How Hybrid is Working in Practice…What the Data Shows with Raise Commercial Real Estate CEO Justin Bedecarre and Felipe Gomez, President @ Raise (Pod 537 + Video)

What do you remember about your experience in the workplace prior to 2020? Is it the moments of collaborative synergy and collective achievements? Is it the feeling of solving complex problems and hitting milestones with your team? Perhaps it’s the joy of closing deals and celebrating with your colleagues?

It’s been more than two years since the pandemic interrupted our daily work life, and companies are taking stock and preparing for a return to the workplace. How can company leadership retain these important experiences of collaboration in the workplace and pair them with the opportunity and flexibility we’ve discovered since working remotely?

Raise CEO and Co-founder, Justin Bedecarre, and President, Felipe Gomez-Kraus, discuss how SaaS companies can build successful hybrid workplaces that are empathetic while incentivizing their team to return to the office.

Hybrid is the future

An analysis of top YC companies shows that 95 percent of these companies are going to have offices post-pandemic, and most of them will be hybrid.
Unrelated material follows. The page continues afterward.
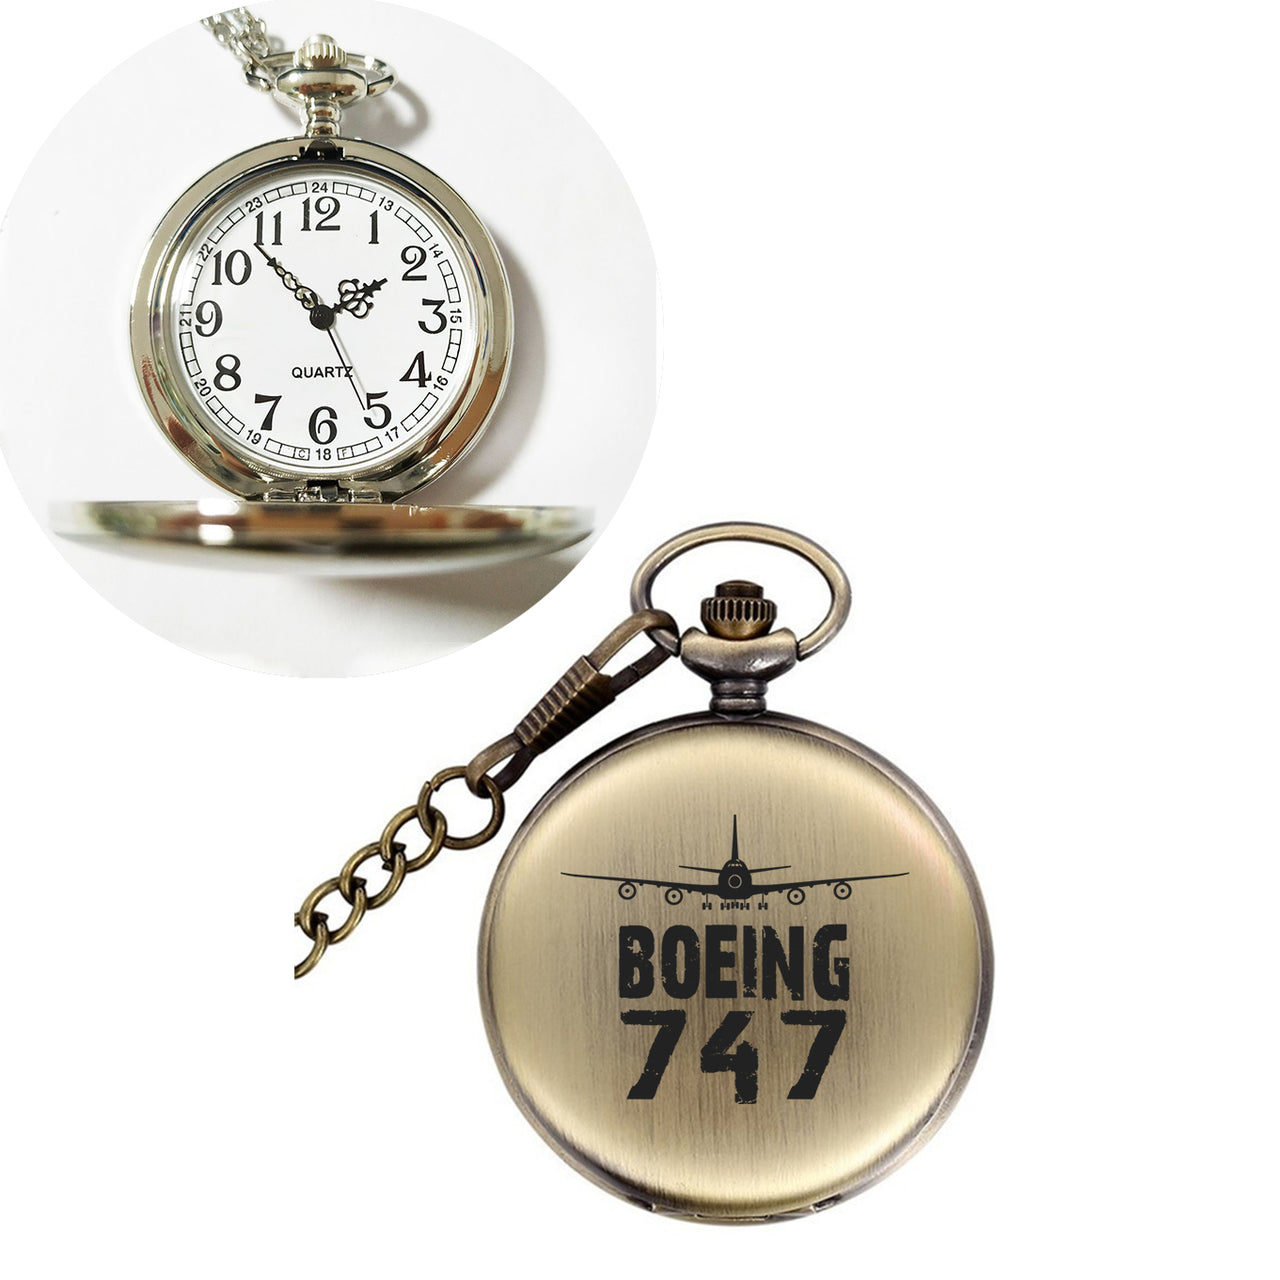 Boeing 747 & Plane Designed Pocket Watches

Most of the iconic brands in technology are building hybrid workplaces.

Tech companies such as Chime, Loom, and Faire, have leased new offices in 2021, showing that many companies are getting ready to return to a physical workspace. Regardless of whether companies are office-centric or remote-first, all of them will need office space in the post-pandemic phase.

There are four approaches currently being employed by tech companies:

  1.     Hybrid-office centric: Staff work from the office two to three days a week, and work remotely two to three days. Apple, Adobe, and Lattice have adopted this approach.
  2.     Hybrid-remote first: The business operates with a primarily remote workforce, but it has hubs where staff can work from. Brex and Shopify follow this model.
  3.     Hybrid-flexible: A percentage of the company is office-centric, and there is an option for certain teams to be remote. The workplace is there to complement both. Some of the largest companies in the world, including Facebook, Microsoft, and Twitter employ this hybrid-flex strategy.
  4.     Office-centric: Most staff are required to follow a traditional work-week at the office. These are companies that want to get back to the same office environment as before the pandemic. This is the case with Netflix.

Why return to the office?

Microsoft conducted a study of 60,000 of their employees, and it found that while productivity was generally maintained, there was a significant decrease in collaboration between teams. While working remotely, people have been stuck in silos, and a lot of the joy in working with others, in developing relationships, has been lost.

With most companies on the cusp of going back to the office, you must ask: what does the return to the workplace mean in terms of your business? To start with, you must listen to your staff.

Employees today have a voice like never before. Employees are now used to being asked to voice their views on how, when, and where they work best. This is not a practice that should stop once the pandemic is in hindsight. 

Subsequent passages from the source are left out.